Statement of Syllabus Topics of Preliminary Maths

Preliminary Maths (commonly referred to as Year 11 2 Unit Mathematics) is the standard Year 11 course. The Preliminary Maths course is an absolute necessity for any student considering either the HSC Mathematics Extension 1 and 2 courses. The Preliminary Maths course covers:

1. Basic arithmetic and algebra

  • Review of arithmetical operations on rational numbers and quadratic surds.
  • Inequalities and absolute values.
  • Review of manipulation of and substitution in algebraic expressions, factorisation, and operations on simple algebraic fractions.
  • Linear equations and inequalities. Quadratic equations. Simultaneous equations.

2. Real functions

  • Dependent and independent variables. Functional notation. Range and domain.
  • The graph of a function. Simple examples.
  • Algebraic representation of geometrical relationships. Locus problems.
  • Region and inequality. Simple examples.

3. Trigonometric ratios

  • Review of the trigonometric ratios, using the unit circle.
  • Trigonometric ratios of: \( \pm \theta, 90^{\circ} \pm \theta, 180^{\circ} \pm \theta, 360^{\circ} \pm \theta.\)
  • The exact ratios.
  • Bearings and angles of elevation.
  • Sine and cosine rules for a triangle. Area of a triangle, given two sides and the included angle.

4. Linear functions

  • The linear function \(y = mx + b\) and its graph.
  • The straight line: equation of a line passing through a given point with given slope; equation of a line passing through two given points; the general equation \(ax + by + c = 0\); parallel lines; perpendicular lines.
  • Intersection of lines: intersection of two lines and the solution of two linear equations in two unknowns; the equation of a line passing through the point of intersection of two given lines.
  • Regions determined by lines: linear inequalities.
  • Distance between two points and the (perpendicular) distance of a point from a line.
  • The mid-point of an interval.
  • Coordinate methods in geometry.

5. The quadratic polynomial and the parabola

  • The quadratic polynomial \(ax^{2} + bx + c\). Graph of a quadratic function. Roots of a quadratic equation. Quadratic inequalities.
  • General theory of quadratic equations, relation between roots and coefficients. The discriminant.
  • Classification of quadratic expressions; identity of two quadratic expressions.
  • Equations reducible to quadratics.
  • The parabola defined as a locus. The equation \(x^{2} = 4Ay\). Use of change of origin when vertex is not at \((0, 0)\).

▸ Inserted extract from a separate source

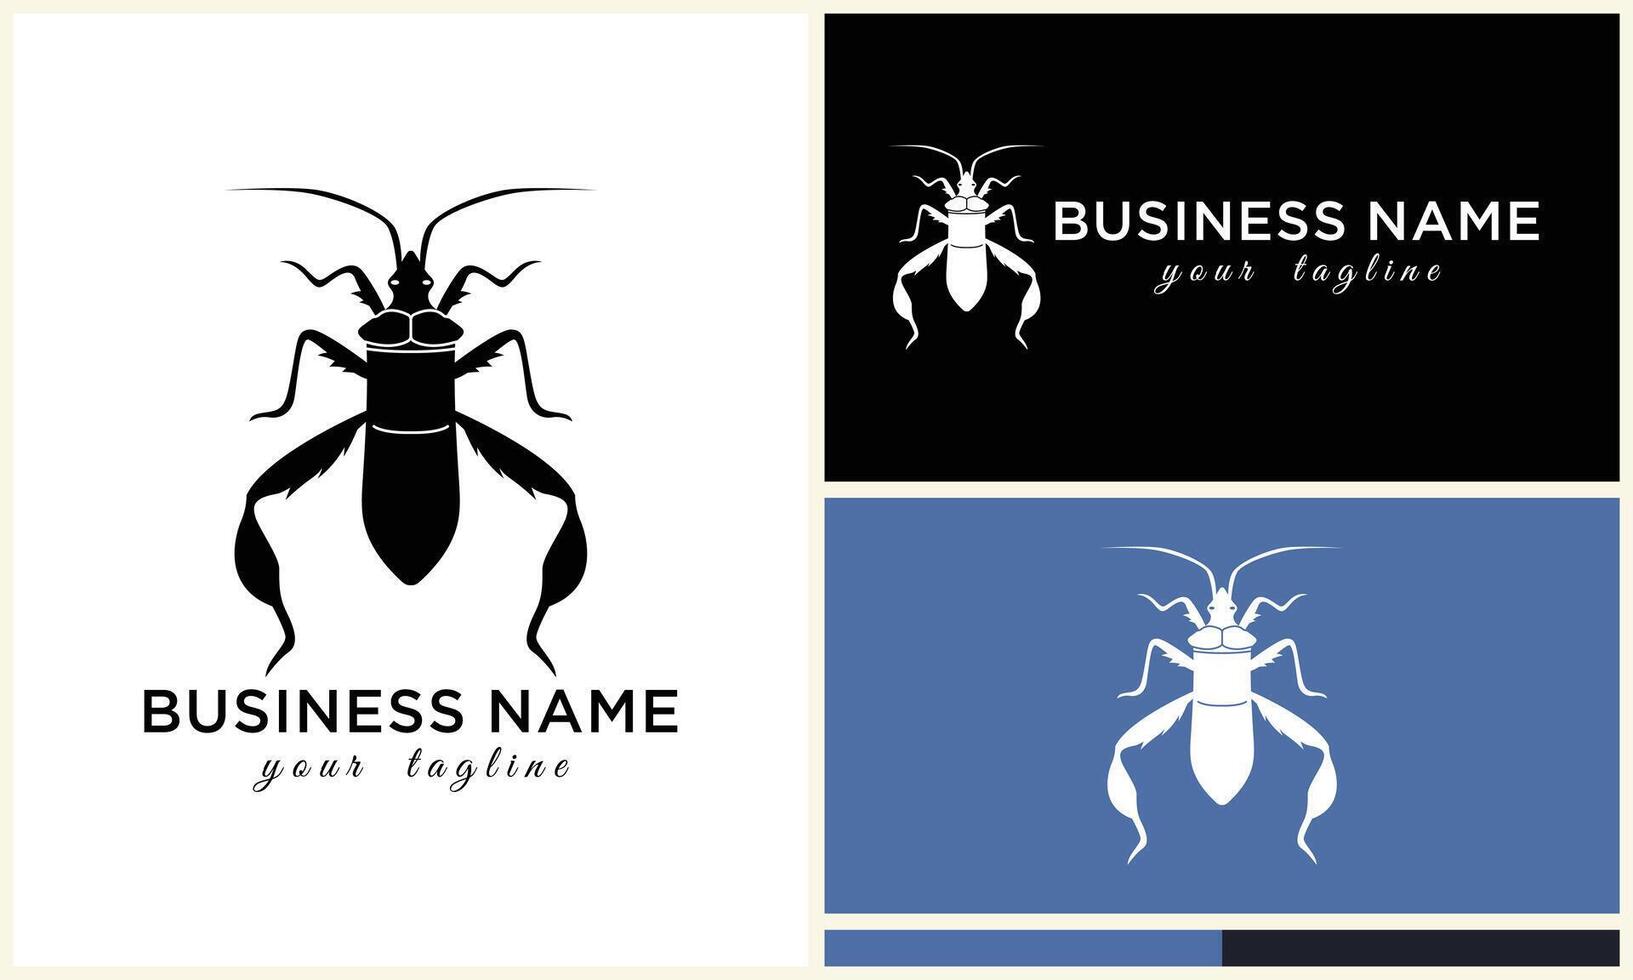 silhouette ladybug beetles logo template vector
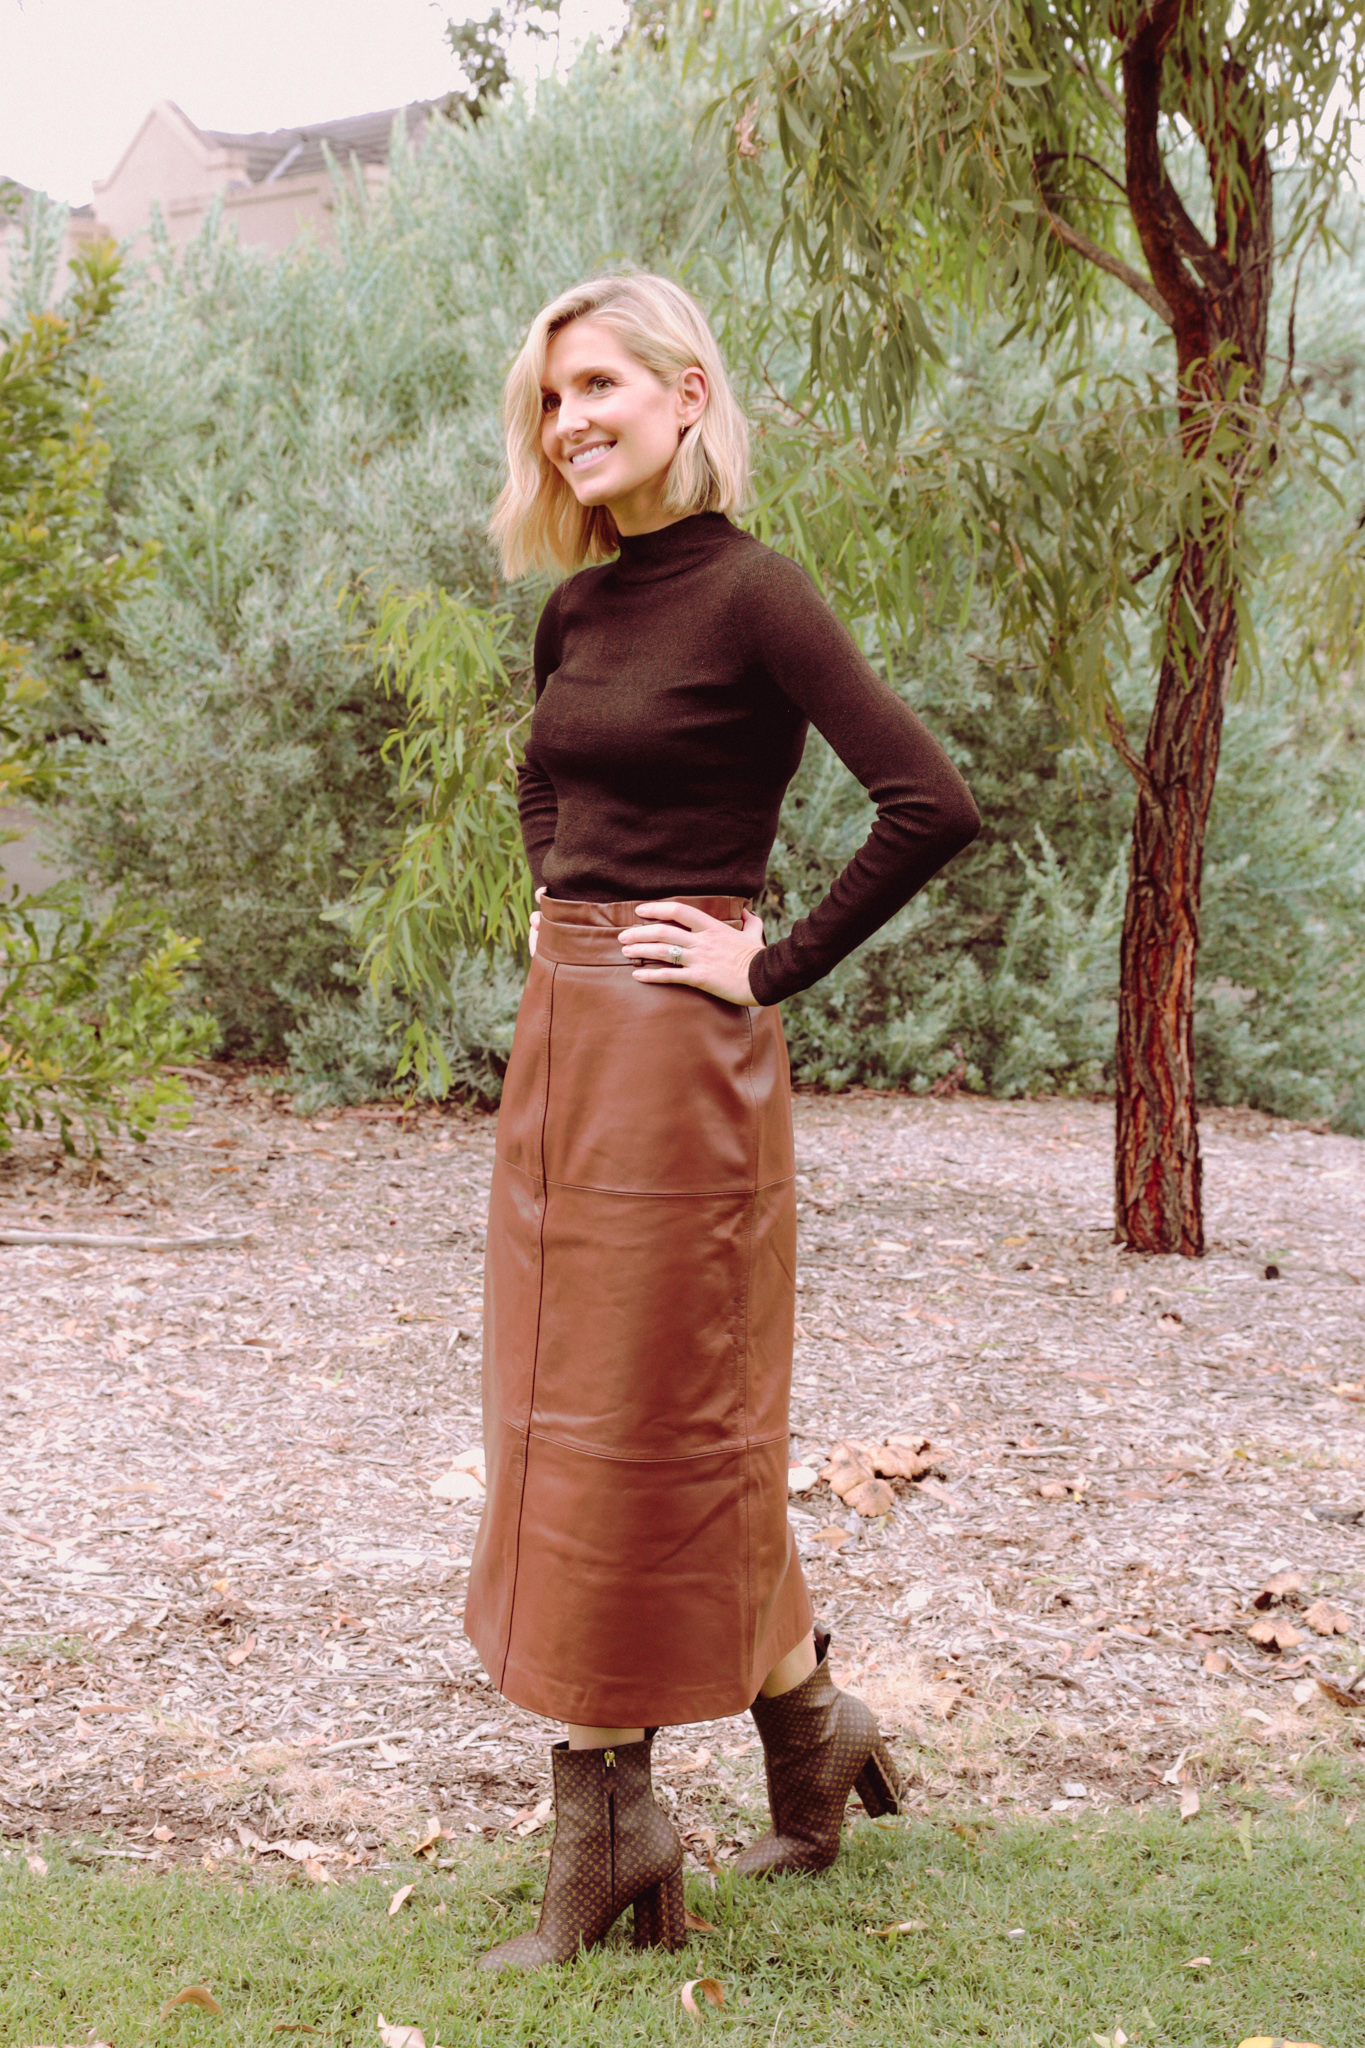 monogram leather skirt

6. Plane geometry – geometrical properties

  • Preliminaries on diagrams, notation, symbols and conventions.
  • Definitions of special plane figures.
  • Properties of angles at a point and of angles formed by transversals to parallel lines.
    • Tests for parallel lines.
    • Angle sums of triangles, quadrilaterals and general polygons.
    • Exterior angle properties.
    • Congruence of triangles.
    • Tests for congruence.
    • Properties of special triangles and quadrilaterals.
    • Tests for special quadrilaterals.
    • Properties of transversals to parallel lines. Similarity of triangles. Tests for similarity. Pythagoras’ theorem and its converse.
    • Area formulae.
  • Application of above properties to the solution of numerical exercises requiring one or more steps of reasoning.
  • Application of above properties to simple theoretical problems requiring one or more steps of reasoning.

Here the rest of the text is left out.